Title: Simulating the natural motion of living creatures
Speaker: Dr Jungdam Won ()
Simulating the natural motion of living creatures have always been at the heart of research interests in computer graphics and animation. Recent movies and video games featured realistic, computer-generated creatures based on special effect technology. Flying creatures have great attention because of its unique and beautiful motions. Physics-based control for flying creatures such as birds, which guarantees physical plausibility of the resultant motion, has not been widely studied due to several technical difficulties such as under-actuation, complex musculoskeletal interactions, and high-dimensionality. In this talk, several different approaches to tackle the challenges will be introduced. First, we recorded the motion of a dove using marker-based optical motion capture and high-speed video cameras. The bird flight data thus acquired allow us to parameterize natural wingbeat cycles and provide the simulated bird with reference trajectories to track in physics simulation. A data augmentation method is also introduced to construct a regression-based controller. Second, we trained deep neural networks that generate appropriate control signals when the state of the flying creature is given. Starting from a user-provided keyframe animation, the learning is automatically proceeded by deep reinforcement learning equipped with evolutionary strategies to improve the convergence rate and the quality of the control.

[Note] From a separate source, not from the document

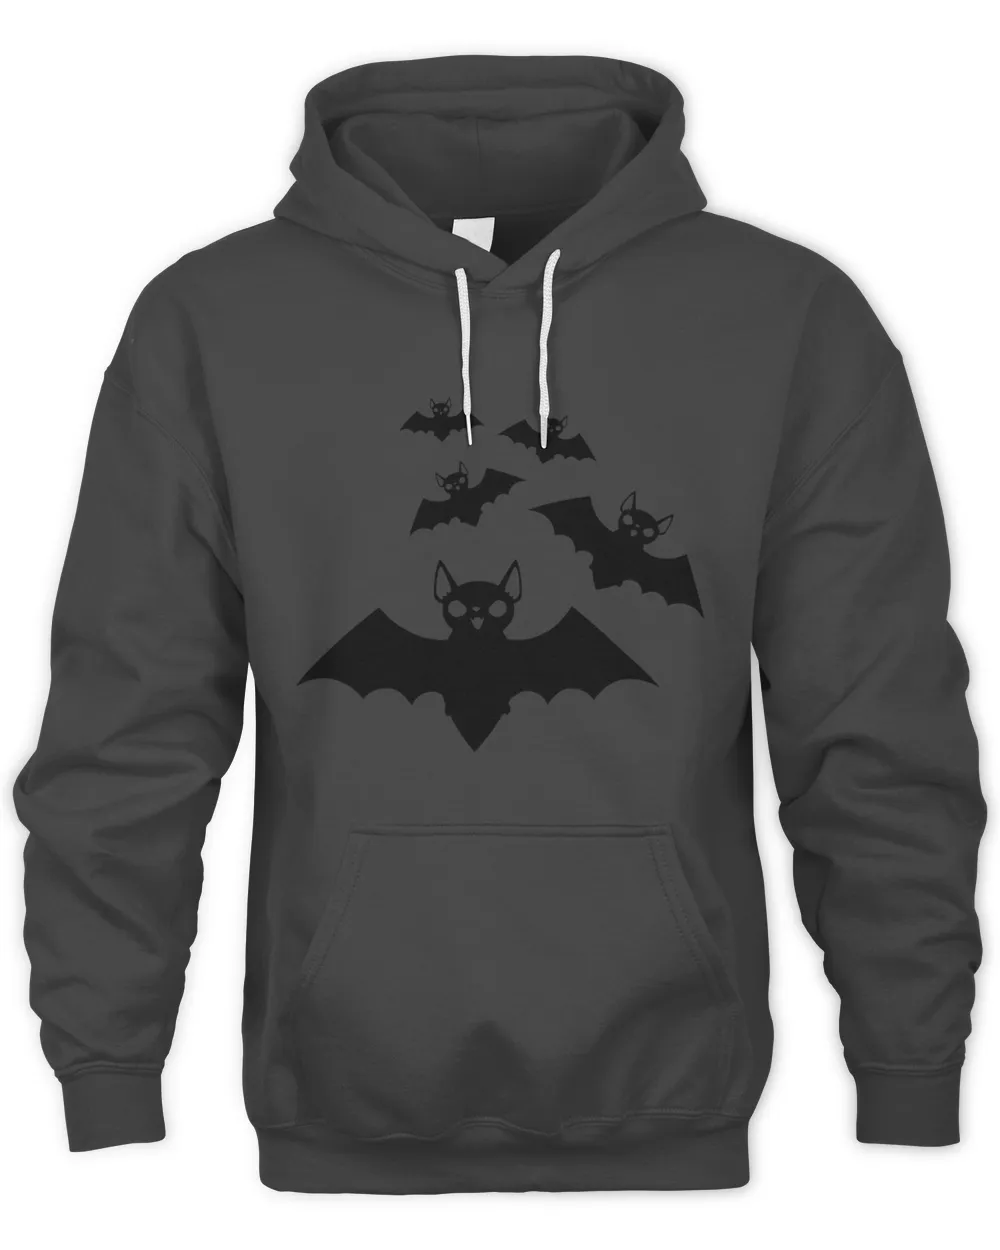 Bats Black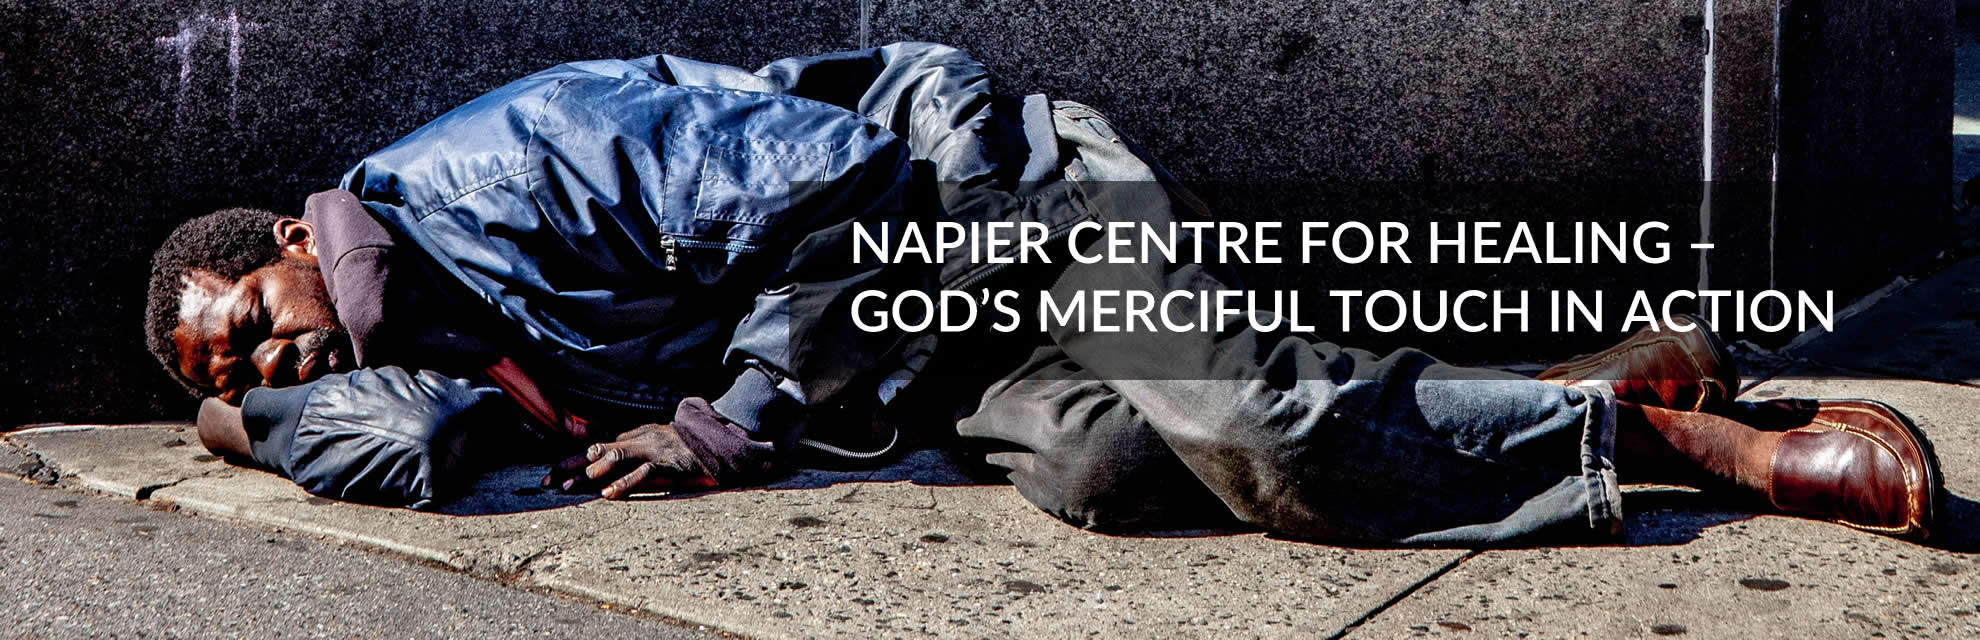 Napier Centre for Healing

Jungdam Won is a post-doctoral researcher in Movement Research Lab. at Seoul National University. He received his Ph.D. and B.S. in Computer Science and Engineering from Seoul National University, Korea, in 2017, and 2011, respectively. He worked at Disney Research Los Angeles as a Lab Associate Intern with Jehee Lee, Carol O’Sullivan, and Jessica K. Hodgins in 2013. His current areas of research interests are character animations, where physics-based control, motion capture, and machine learning approaches have been applied.